The so-called "official learning" means "learning in the government", and the government has been able to build special public buildings for educational and administrative activities. Compared with the Yin and Shang Dynasties, the official school in the Western Zhou Dynasty had systematic, theoretical and planned teaching activities.
The biggest embodiment is the systematic division and planning of the "six arts" that must be studied in Western Zhou education, that is, the specific categories of learning subjects.
The so-called "six arts" refer to ceremony, music, shooting, royal, literary and numerical. Rites and music are inherited from Xia and Shang Dynasties, and they are also the knowledge mainly used for sacrifice or various ceremonies. Shooting and guarding are mainly military skills, shooting is archery, and guarding refers to driving chariots. The number of books is mainly about reading, writing and arithmetic education. Books are literacy, numbers are mathematics, and they are practical knowledge and skills.
In people's cognition in the Western Zhou Dynasty, there were obvious grade differences in the subjects of "Six Arts". "Rites and music" is the highest moral knowledge and the necessary skill for governing the country and the world, so it is called "great virtue" and "avenue". The number of books taken is just a "device".
Therefore, ancient education had obvious partiality, emphasizing morality over skill. People who study etiquette and morality have more status than those who shoot imperial books.
During the Western Zhou Dynasty, education was still only the patent of rulers and nobles, educational institutions were set up in the government, and educational resources such as academics, knowledge, classics and ritual vessels were controlled by the government, which was out of reach of ordinary people.
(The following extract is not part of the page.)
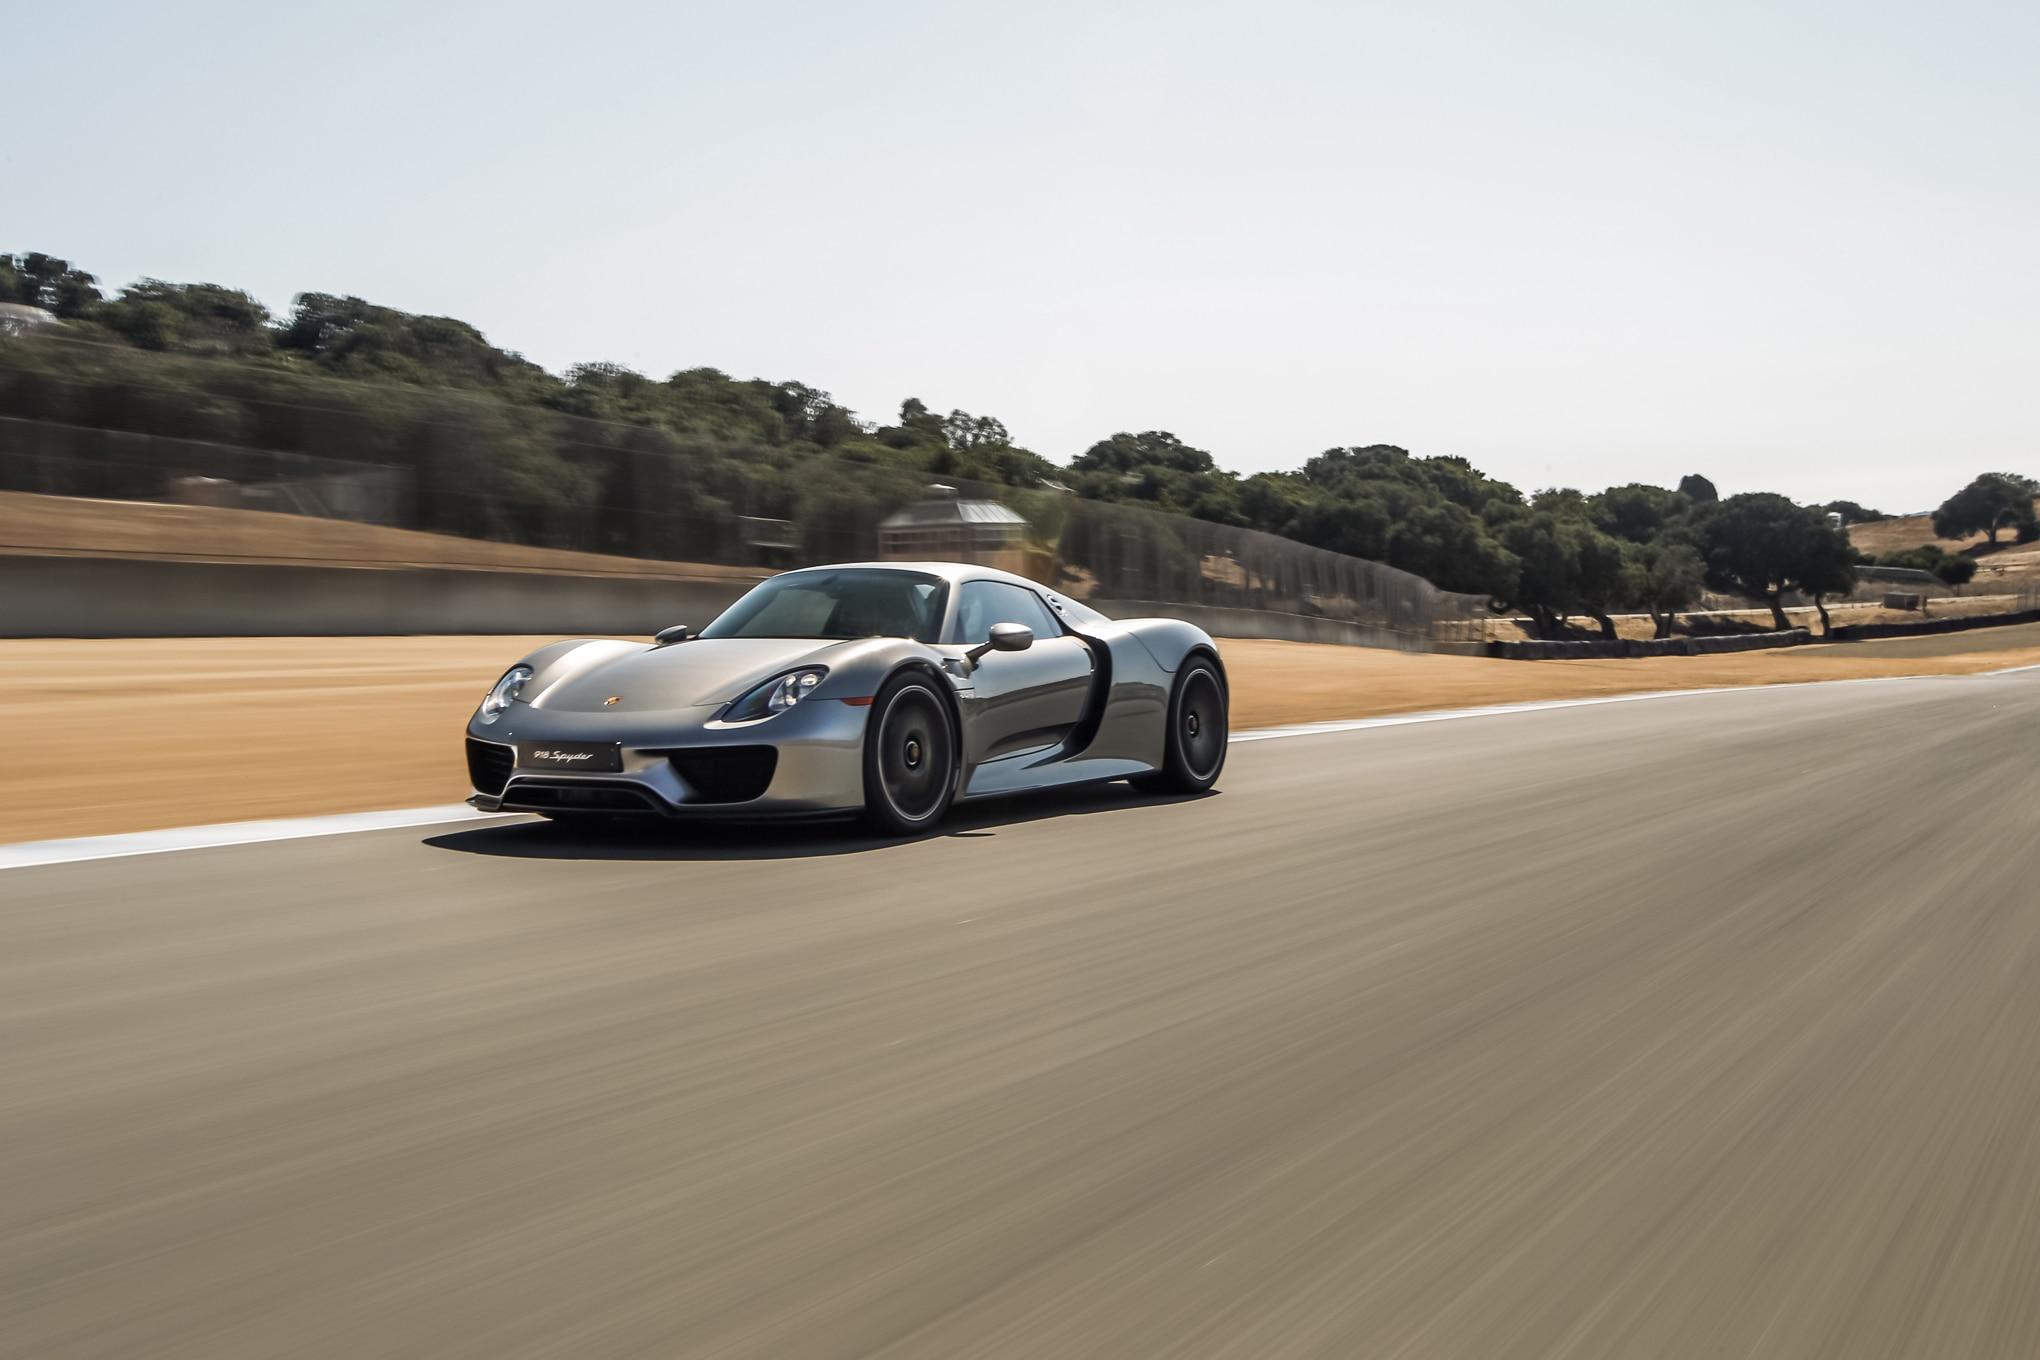 2015-Porsche-918-Spyder-front-three-quarters-in-motion Inspiring 2015 Porsche 918 Spyder Quarter Mile Cars Trend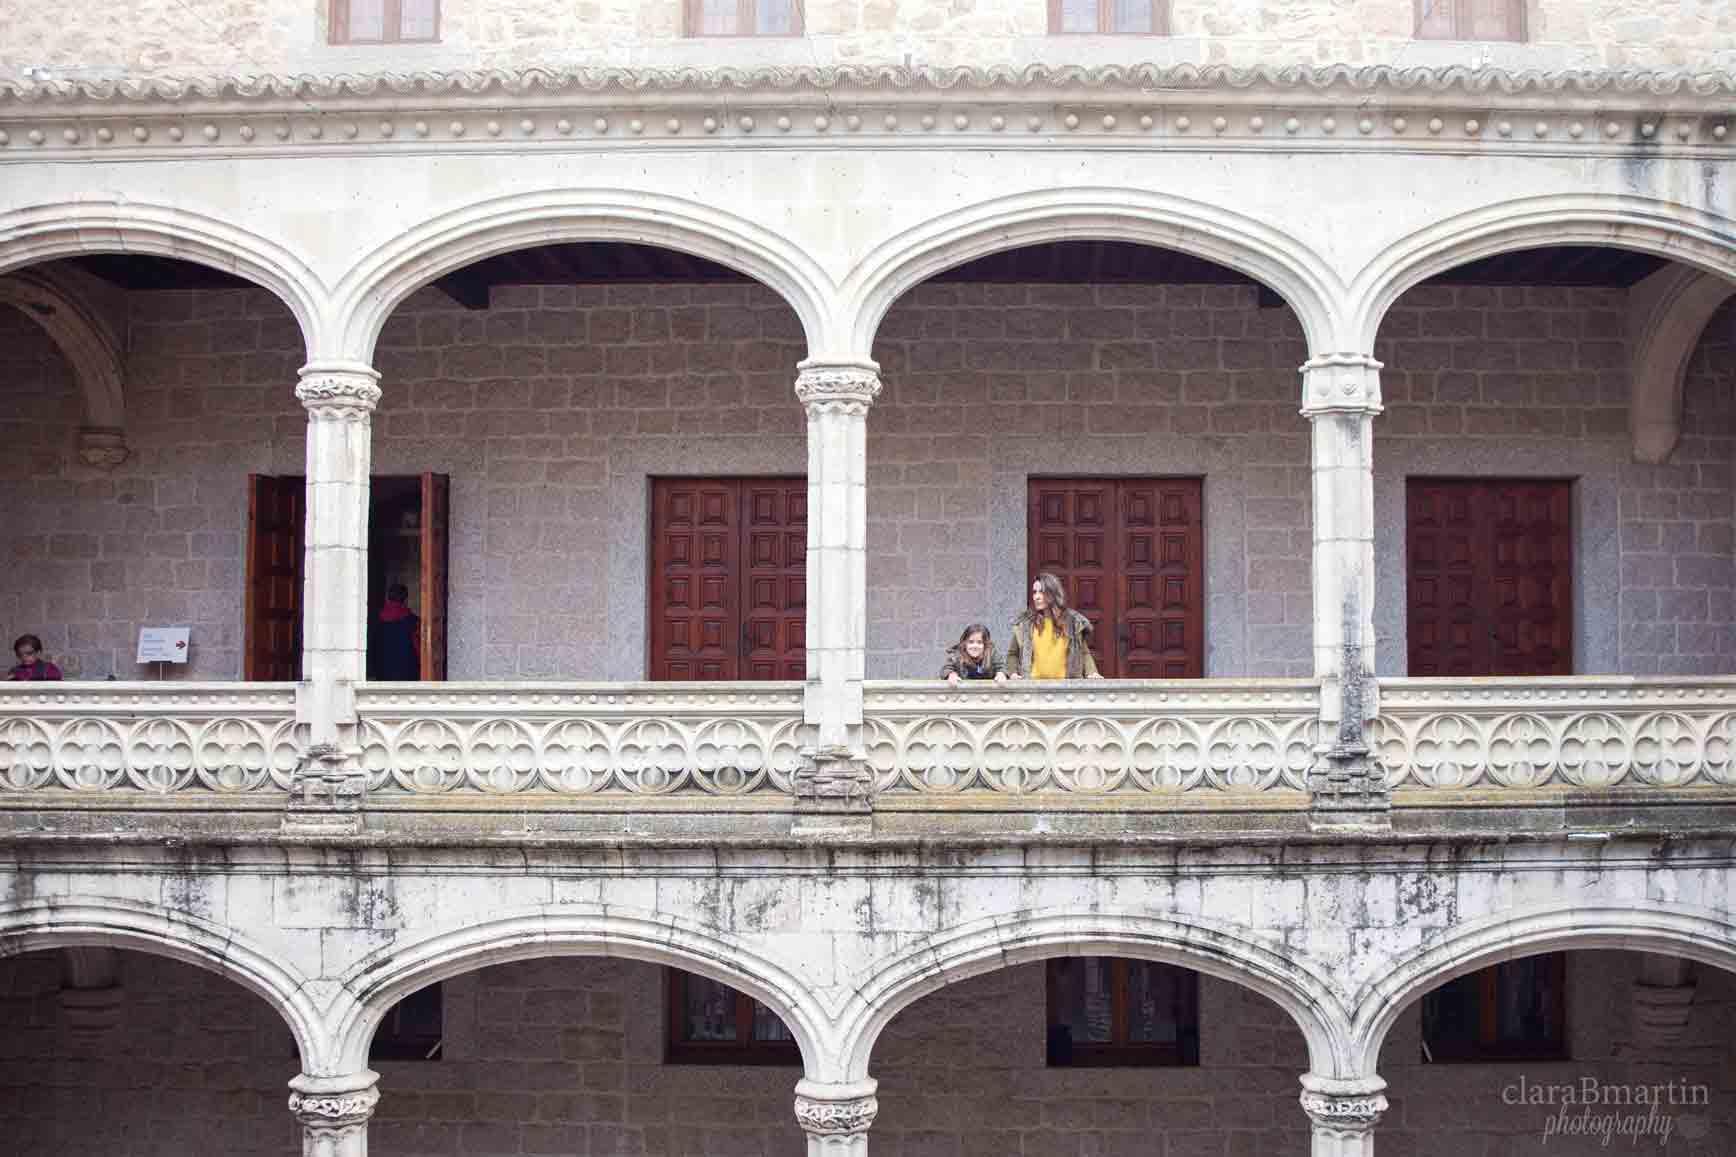 Castillo-Manzanares-El-Real-claraBmartin-04

Therefore, the "official learning" in the Western Zhou Dynasty has several obvious characteristics: 1, only officials have books, but the people have no books. 2, only officials have tools, and the people have no tools. 3. Only the officials have knowledge, but the people have no knowledge.
Rulers and nobles monopolize educational resources and educational activities themselves. Teachers also serve as officials, and students are the children of officials. Schools are not only educational places, but also administrative places. For ordinary people, there is no chance to get in touch with any of them.
According to the geographical distinction, the official credits of the Western Zhou Dynasty are "Chinese studies" and "rural studies". Generally speaking, the school located in the king's capital is called Chinese studies, which is mainly for the children of princes, governors and officials in the capital. Schools located in administrative areas outside Wang Du are called "rural schools", and the enrollment targets are ordinary slave owners and aristocratic children.